Lotus’ F1 Cars Were So Fragile That Drivers Feared For Their Safety
Racing is dangerous. That will never change, and though the tracks, cars, and proceedings become safer each year, unforeseeable danger tends to rear its ugly head from time to time. These days, strange circumstances have taken the lives of a few drivers, but back in the ’60s and ’70s, the cars themselves were often more than suspect.
Formula 1 has long been a cooperation between the talented engineers and mechanics who build a car and the driver who risks everything in order to pilot the car along the line in first. Austrian-German racing driver Jochen Rindt was one of the best, a calm, quick, strategic driver who excelled in long-distance racing—even winning the 24 Hours of Le Mans behind the wheel of a Ferrari 250 LM.

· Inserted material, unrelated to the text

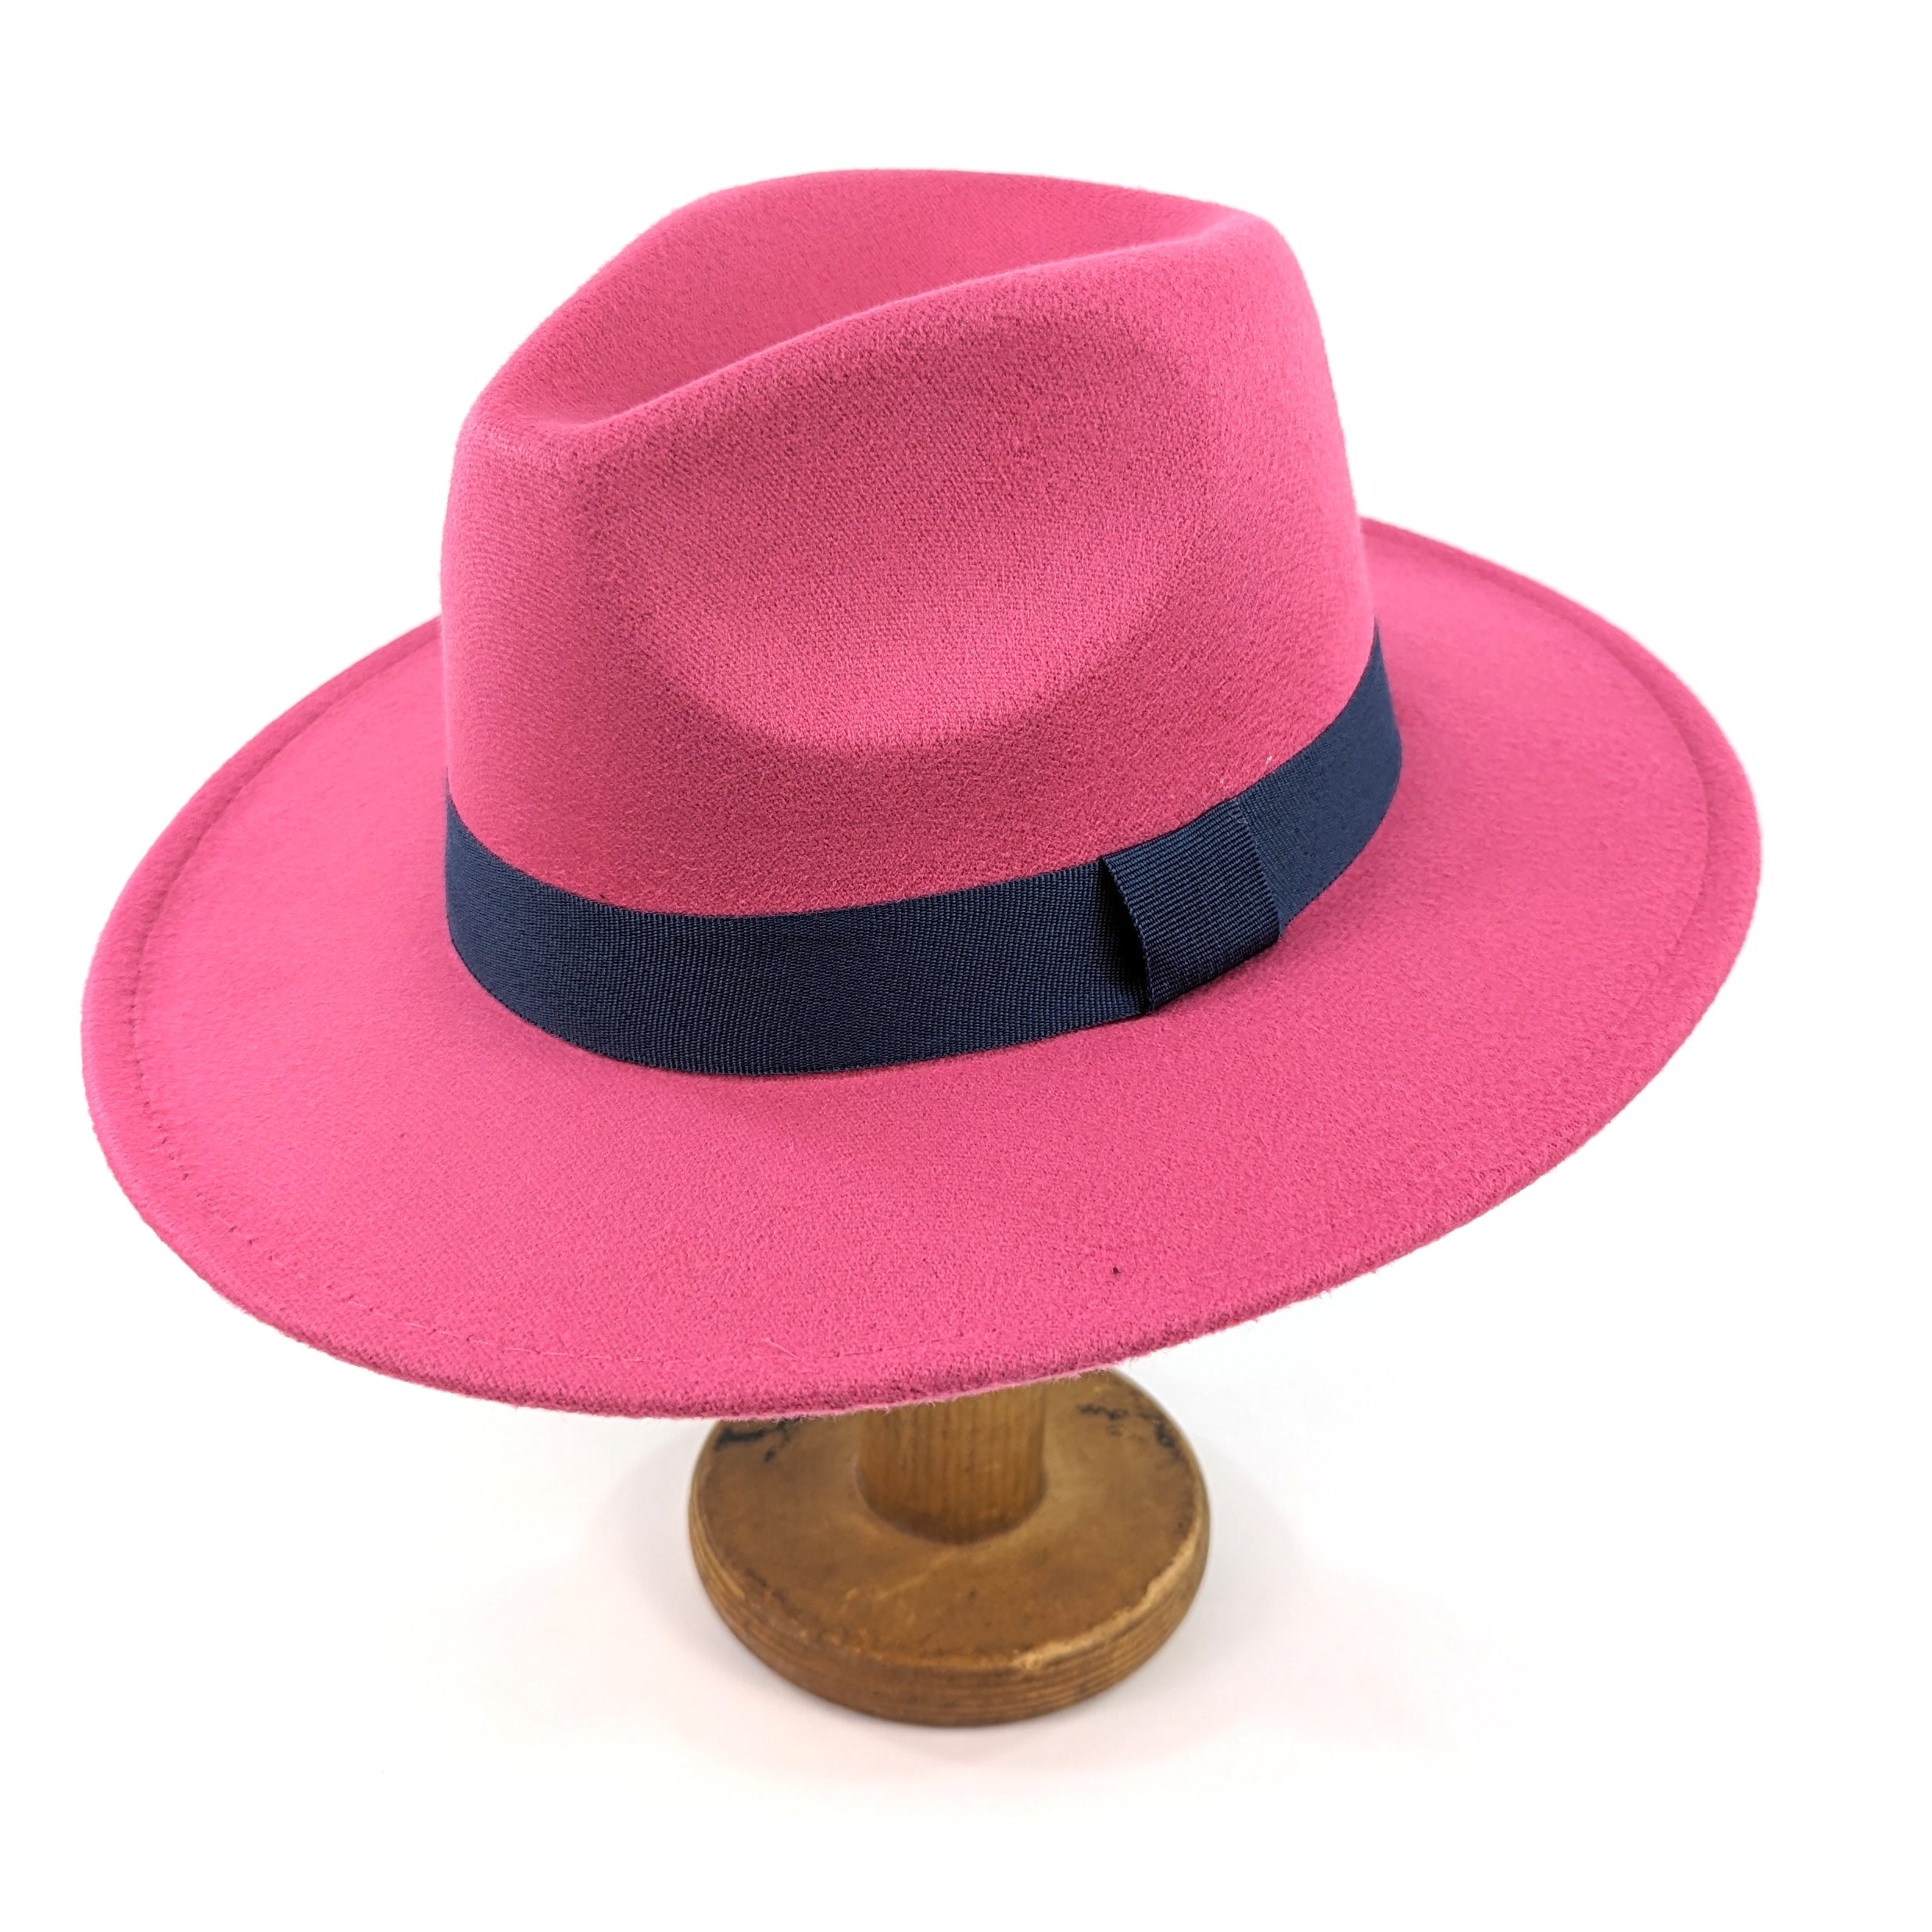 Pink / Black Fedora Hat

Once he joined Lotus’ Formula 1 team, Colin Chapman gave Rindt the cars to win. And he did, until a number of factors led to his death. See, Champman’s cars were constantly evolving, and in the early days of aerodynamics, experimentation often led to crashes. In Rindt’s case, the crashes weren’t often his fault, but that of parts failures—including the one that initiated his deadly crash in Monza in 1970.

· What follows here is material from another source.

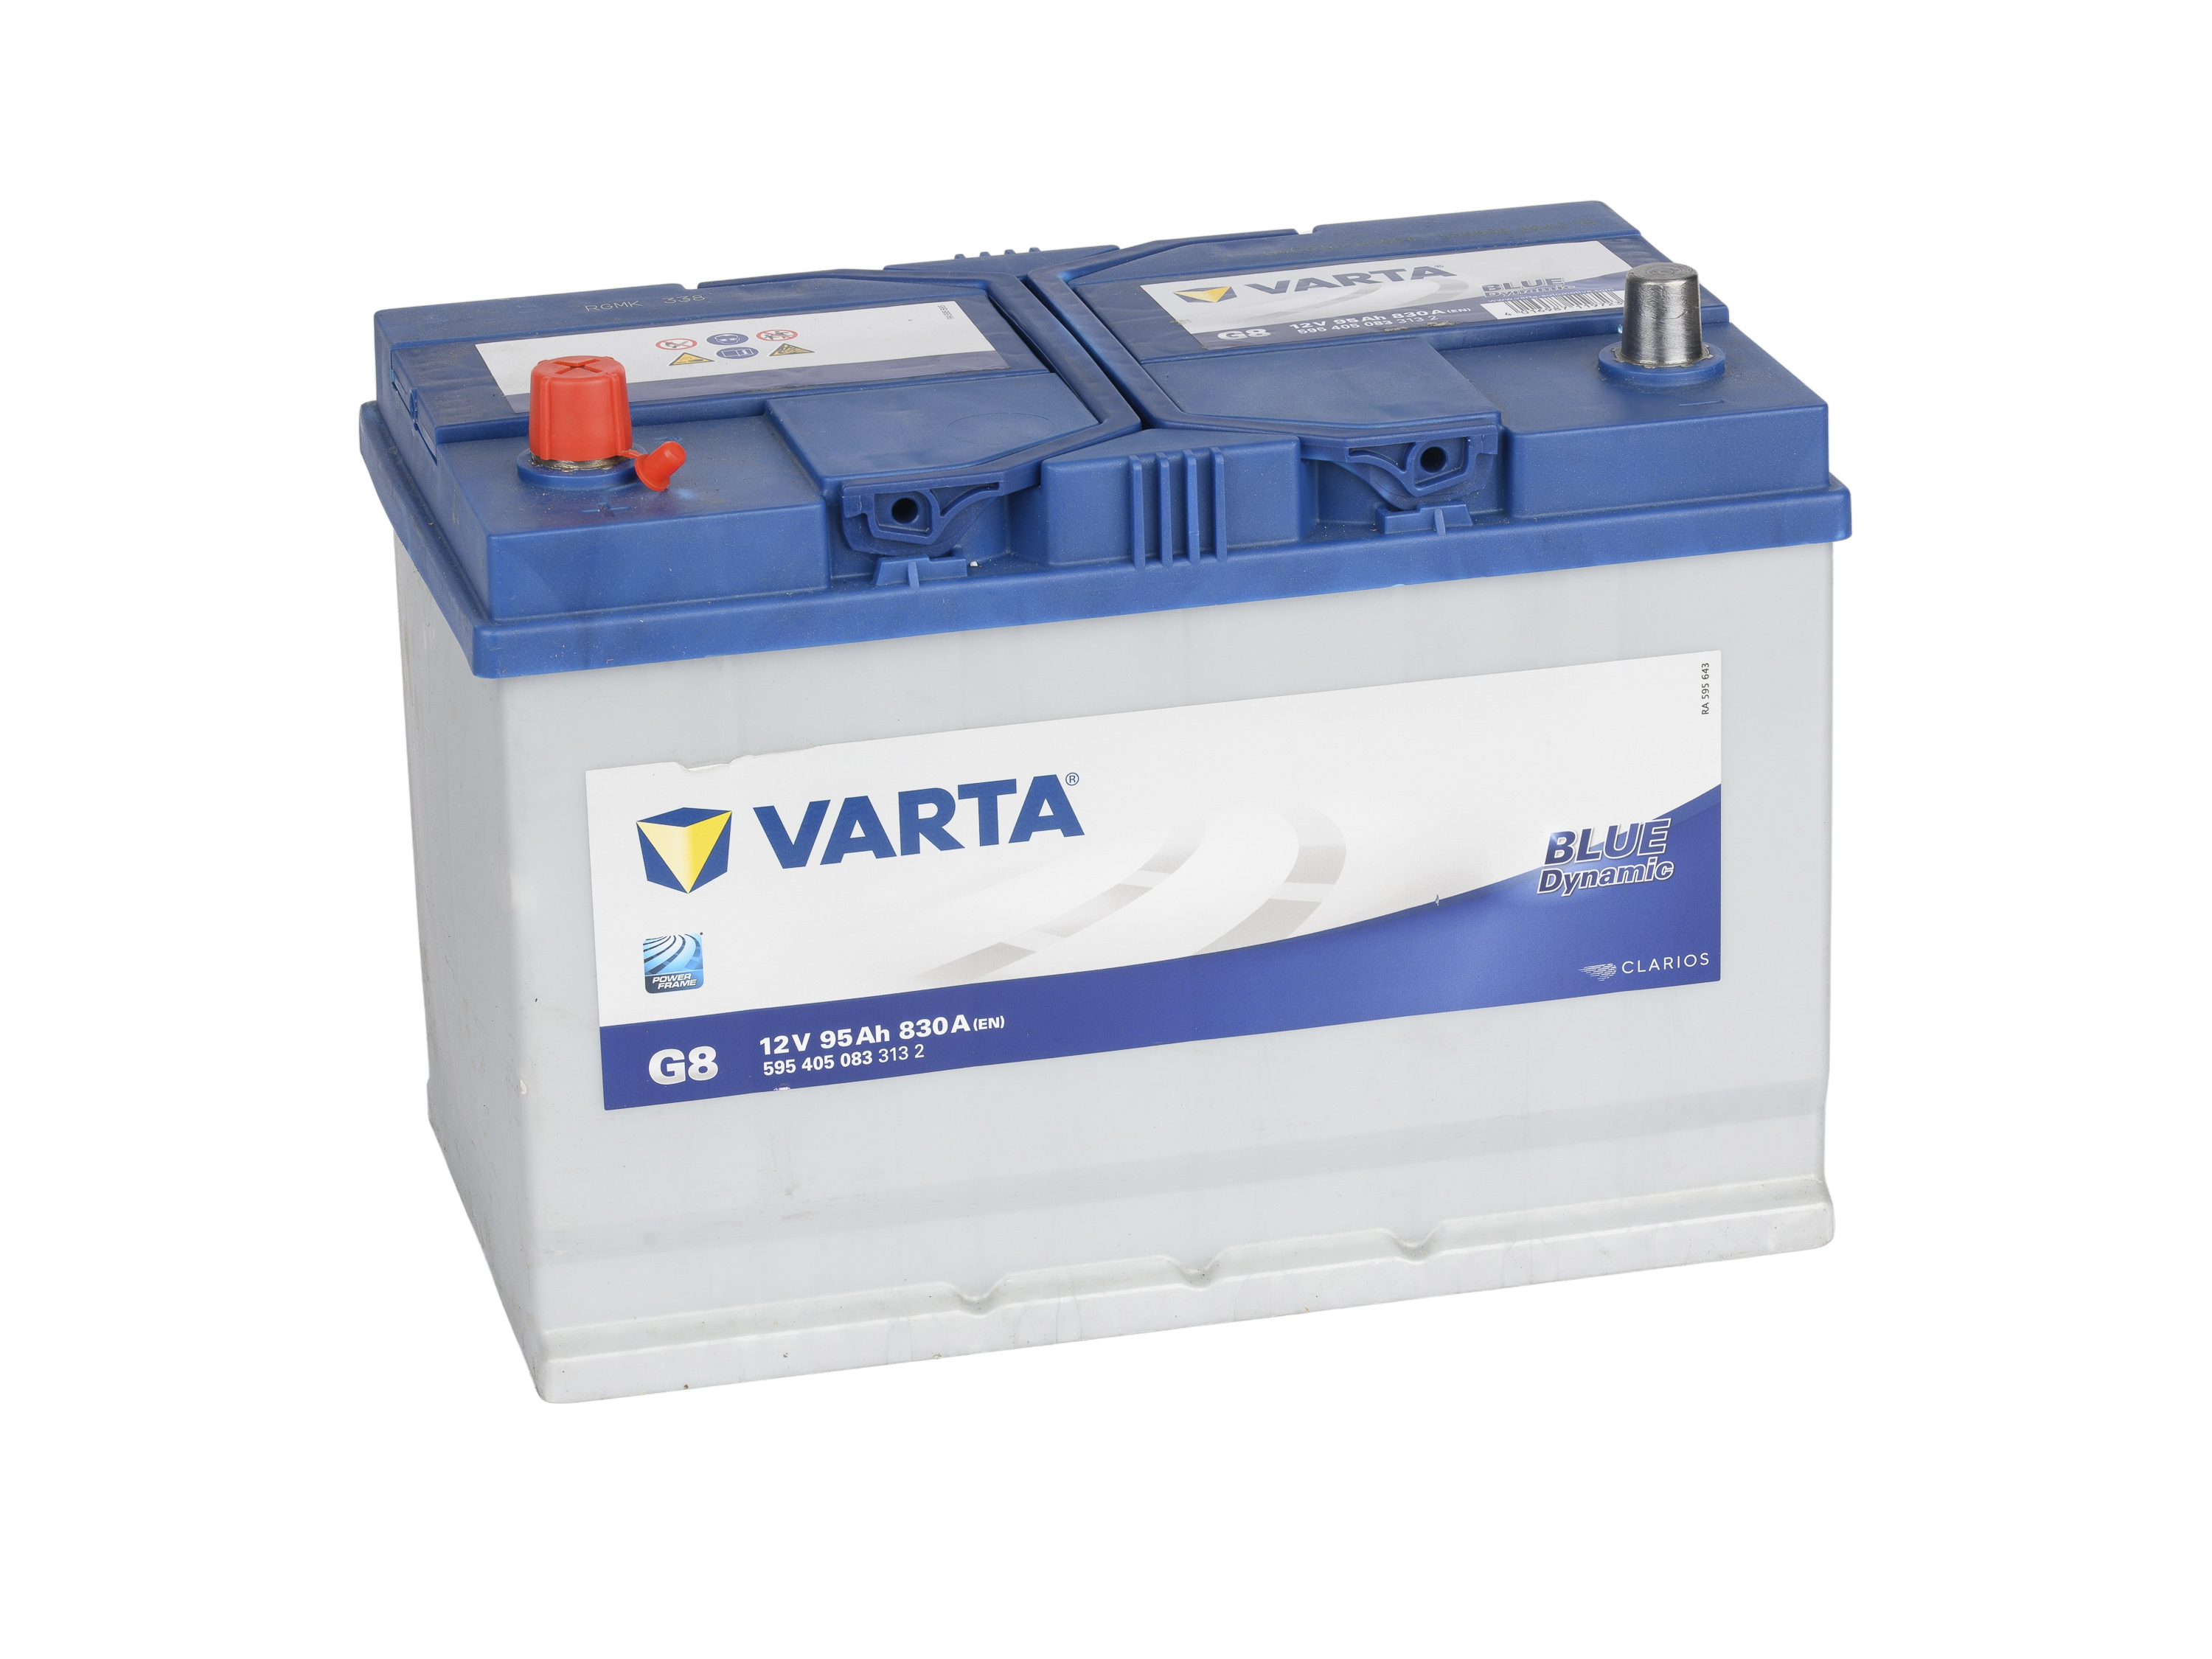 VARTA Battery Blur Dynamic G8 595.405.083 12V/95AH

The ever-amazing Letters of Note posted a letter from Rindt to Chapman sent a year earlier, just after Rindt had a heavy crash following rear wing failure at the treacherous Montjuic, Barcelona Circuit.
“I have been racing F1 for 5 years and I have made one mistake (I rammed Chris Amon in Clermont Ferrand) and I had one accident in Zandvoort due to gear selektion (sic) failure, otherwise I managed to stay out of trouble,” Rindt wrote. “This situation changed rapidly since I joined your team, Levin, Eifelrace F2 wishbones, and now Barcelona.”
He continued: “I can only drive a car in which I have some confidence, and I feel the point of no confidence is quite near.” Rindt’s fatal crash, investigators found, was caused a failure of his cars’ right front brake shaft. The improperly-installed crash barriers were found to have been the cause of death, though Rindt’s habit of leaving the anti-submarine belt undone on his 5-point harness saw him slide under the belts and suffer his fatal throat injury.
Later in 1970, Rindt became the only posthumous World Champion.